In Sydney Review of Books earlier this month, Ivor Indyk lamented the state of literary prizes. The ‘middlebrow’, he claims, is taking over culture (read: the highbrow). The ‘middlebrow’, defined originally as those people who hope eventually to get used to the stuff they ought to like, is a contemptuous term now used to mean those who are narrow in their cultural interests and engagement. (Even the OED states this is ‘colloquial and frequently derogatory’.) Literary prizes are, he claims, are the ‘last bastion’ for ‘literary recognition that is withheld by the marketplace’ – that enervated forum of the middlingly-browed.
I suppose he means that prizes should be awarded on the basis of merit (he excludes ‘appeal’ from the definition of merit), but it sounds as though he thinks this is the same as some kind of predictor of enduring future worth – that the novels to which these glittering prizes are pinned should be known already as the canonical works of the future. The hubris of attempting to divine the lasting impact of a work of literature is one that has been pursued, fruitlessly, since the publishing industry began.
There are a couple of problems with Indyk’s approach – I won’t go so far as to call it an argument, since it reads like the curmudgeonly complaint of old men everywhere since (at least) Ancient Rome. Of course in rallying against Indyk’s opinions I may well be committing GK Chesterton’s error of being wrong about why he is wrong, but that can be for another writer to argue.
What prizes are for, and what they should be for, is recognising the significance of a work at a particular cultural moment. They are deeply contextual, having none of that halo of historical distance that seems to make canonical works glow with self-evident glory. Some lucky few novels written now, prize winners or no, will prove to have enduring significance, articulating to a distant present so perfectly what was happening now, or where that later now’s genesis turned out to be, that they will be rightly regarded as works of prescient genius. But it is only from a position in the ever-moving present that we can judge the past’s apparent self-evidence. Hindsight, as they say, is twenty-twenty. We don’t yet know what will have proven to be important in the future; that’s why it’s called future imperfect in grammar.
Using the words of others, Indyk expressed his dissatisfaction with those fans of Terry Pratchett who mourned his recent passing. Yet is it surprising that an author who went out of his way to communicate with his readership was mourned by that same readership? Indyk overlooked the fact that Pratchett’s fans mourned his passing because they knew his life. His personality and his struggle with illness, just as much as his satirical fantasies about contemporary culture and politics, drew people to him and his works.
Indyk seems to think that the marketplace is a swelling crowd of populist barbarians – possibly an image that would be appreciated by Pratchett – but not (to his mind) comprised of the ‘true’ readers of literature. Quality and appeal are not mutually exclusive. In attempting to distinguish the ‘marketplace’ from cultural appreciation, Indyk wrests from the readers of books the power to be considered and conscious of what they read. He seems to think that the people who read Pratchett are different from the people who read Marquez, but he has no evidence of this. Certainly I have been an avid consumer of each, and my bookshelves groan under the weight of everything from Shakespeare, Stead, and Steinbeck to Garner (Alan, not Helen, although also Helen), Grisham, and Gregory (The Other Boleyn Girl). This is what belies his snobbery, which is everywhere apparent in this column.

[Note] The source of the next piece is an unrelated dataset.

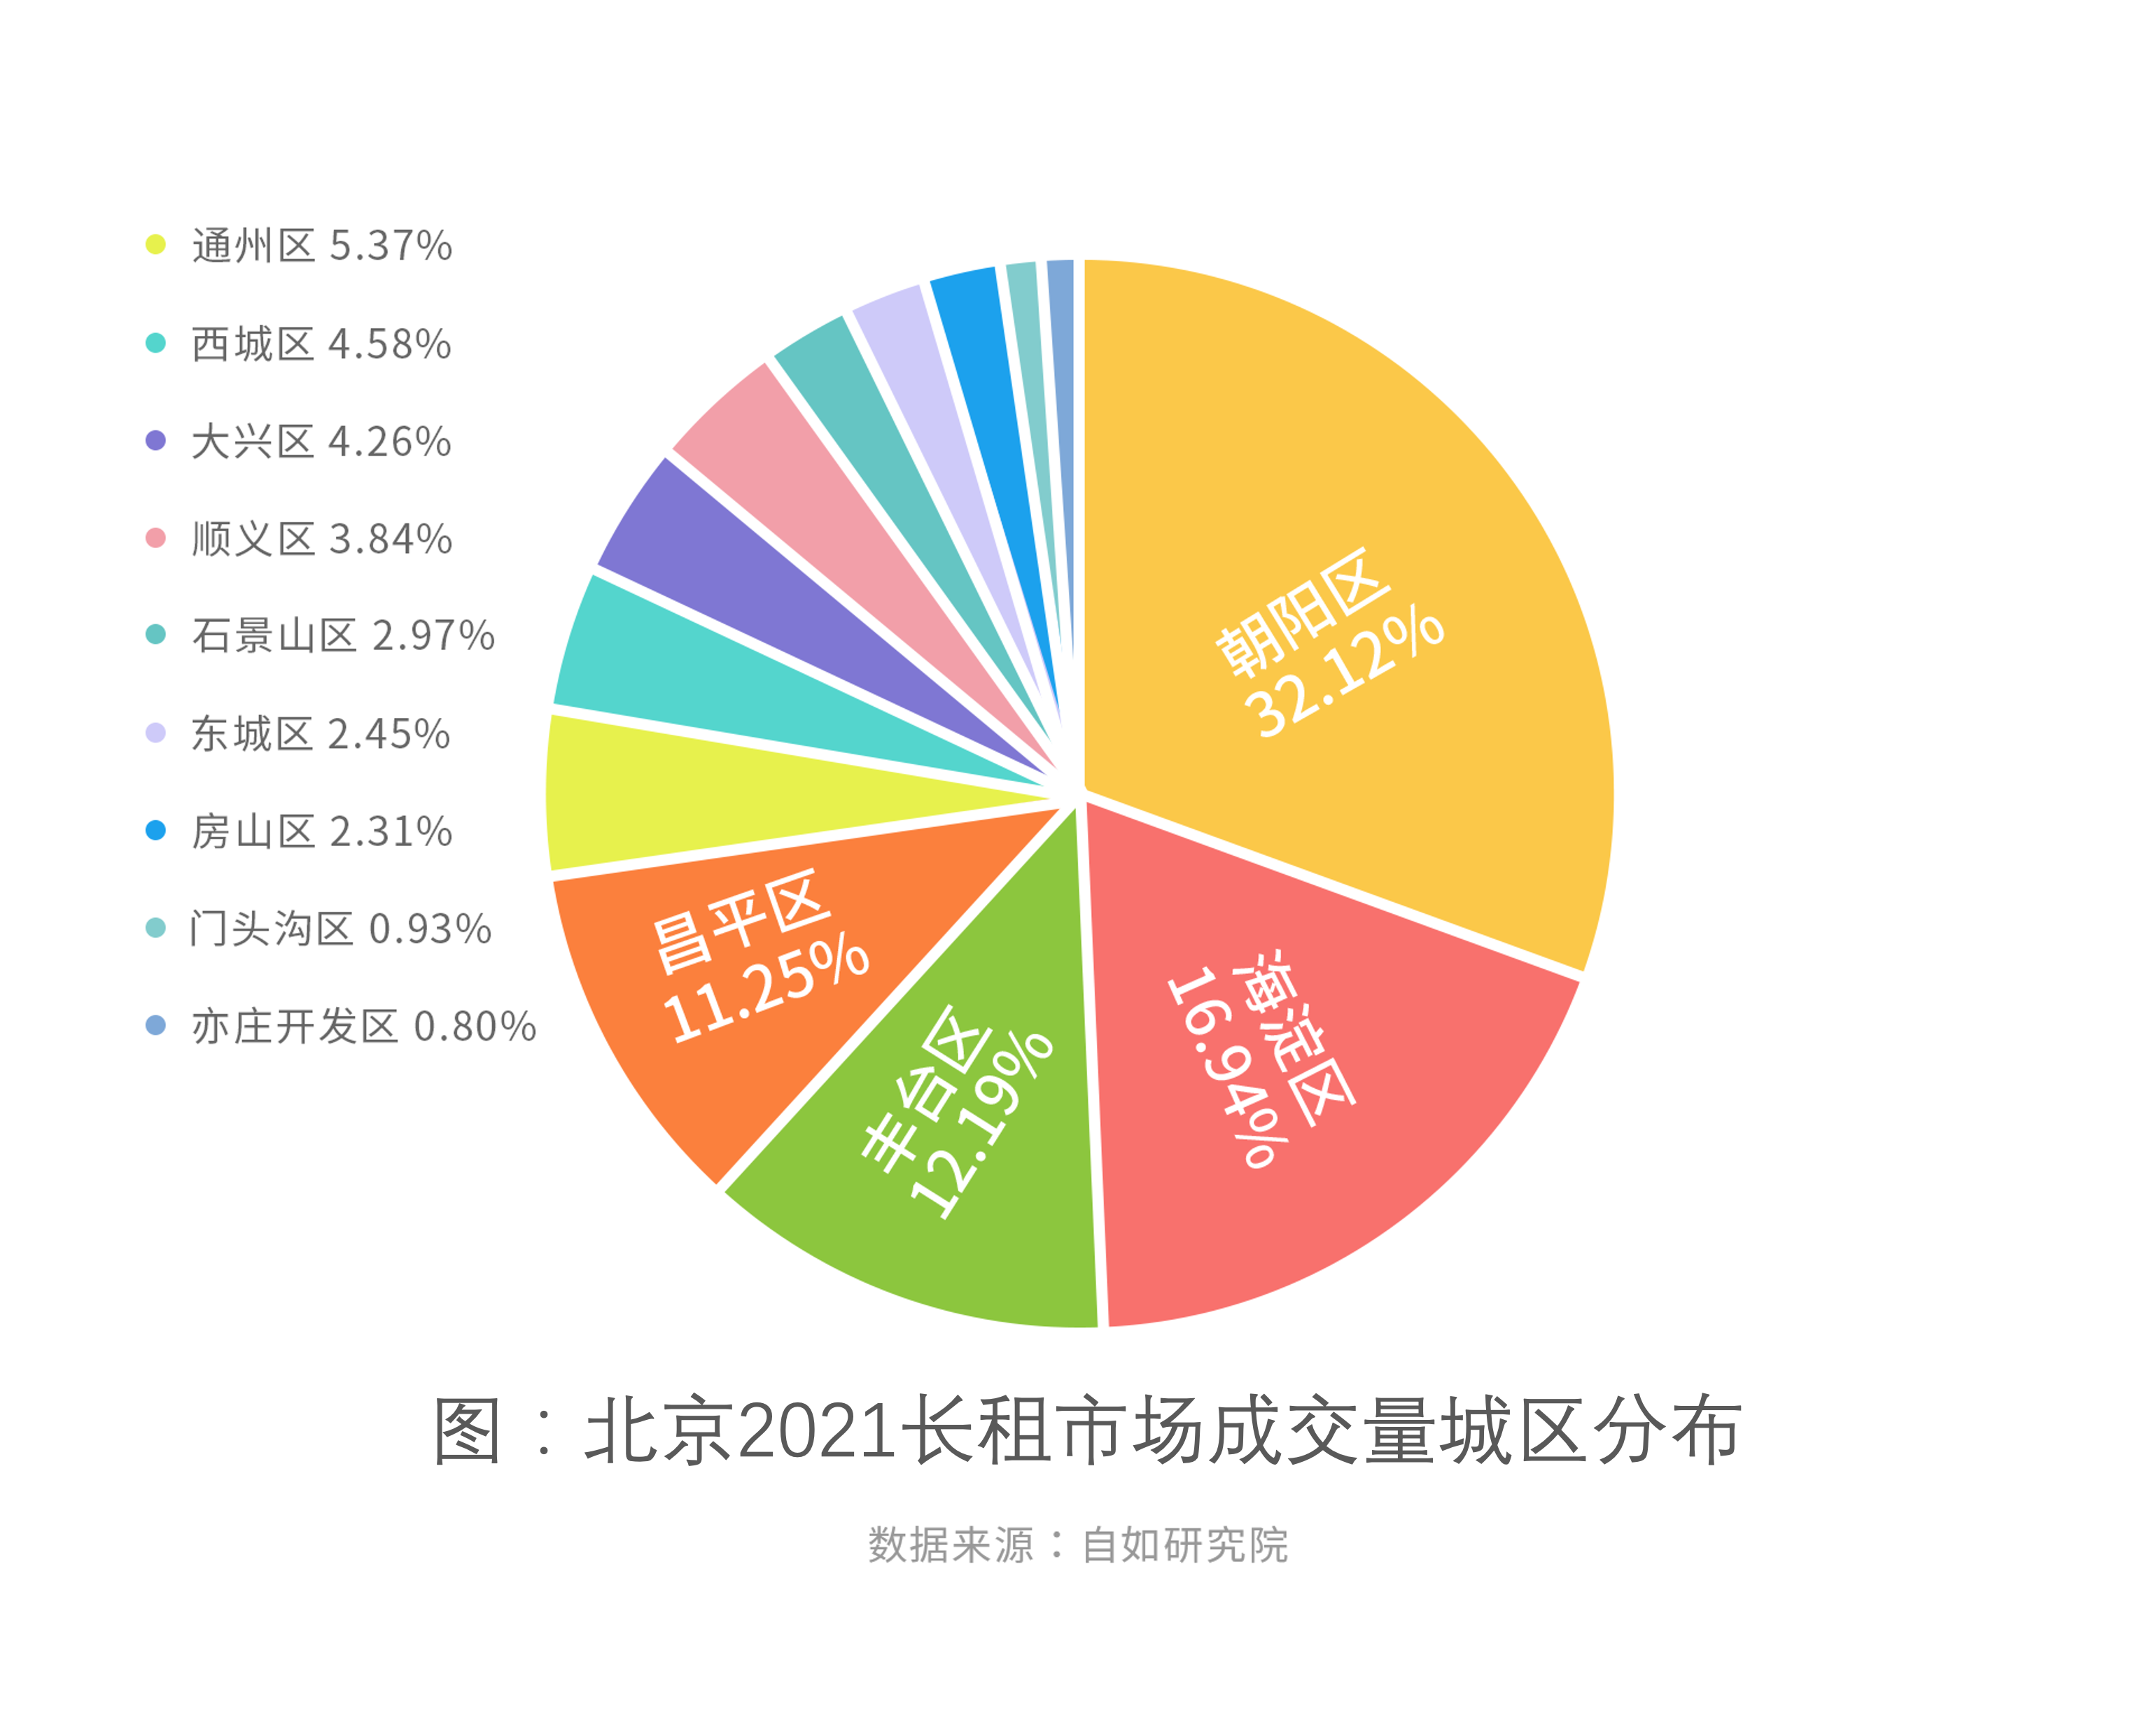 机构:北京30%的租房者在朝阳 长租机构月均租金波动不超过2%

Readers of books are not always buried nose-deep in the ‘great works’ or trashy airport purchases. Likewise, just because someone is a festival director, Indyk seems to think that this should disqualify them from having a serious opinion if asked to judge a prize. On the contrary, it indicates a passionate involvement with contemporary authors and readers, and an awareness of the ebb and flow of contemporary consciousness that creeps its way into the books we end up producing – which has almost nothing to do with prizes.
Indyk claims that the bellwether of a judge’s or a panel’s quality is their reaction to poetry. This is an interesting idea, and one that he could have explored more. If a judge or a panel can argue and become passionate about the most condensed textual expression we can create, then their understanding is indeed nuanced and engaged. Resolution amongst a judging panel for ‘excellence in writing’ should certainly engage with a broad range of genres, and those genres should rightly be represented in the shortlisted nominations. However, Indyk paints himself into a corner whereby nobody is fit to judge a prize – not the hoi polloi, not the ivory tower, not the festivalists, and not the grim, thin-lipped politicians.
I am not yet willing to wring my hands. As Neil Gaiman said, ‘make good art’. Obliterating prizes for the sake of fellowships mutes entirely the cultural fanfare around prize winners, and I don’t think that these occasions should be diminished. Why does Indyk think that the current amount of money spent on prizes is a set figure? There is absolutely no reason why the plutocratic Brandis could not fund both prizes and a new fellowship programs, with matched philanthropic support, for different genres. Prizes are poor predictors of enduring appeal or later significance, but they are exceptional boosts to the creative process of hundreds of writers.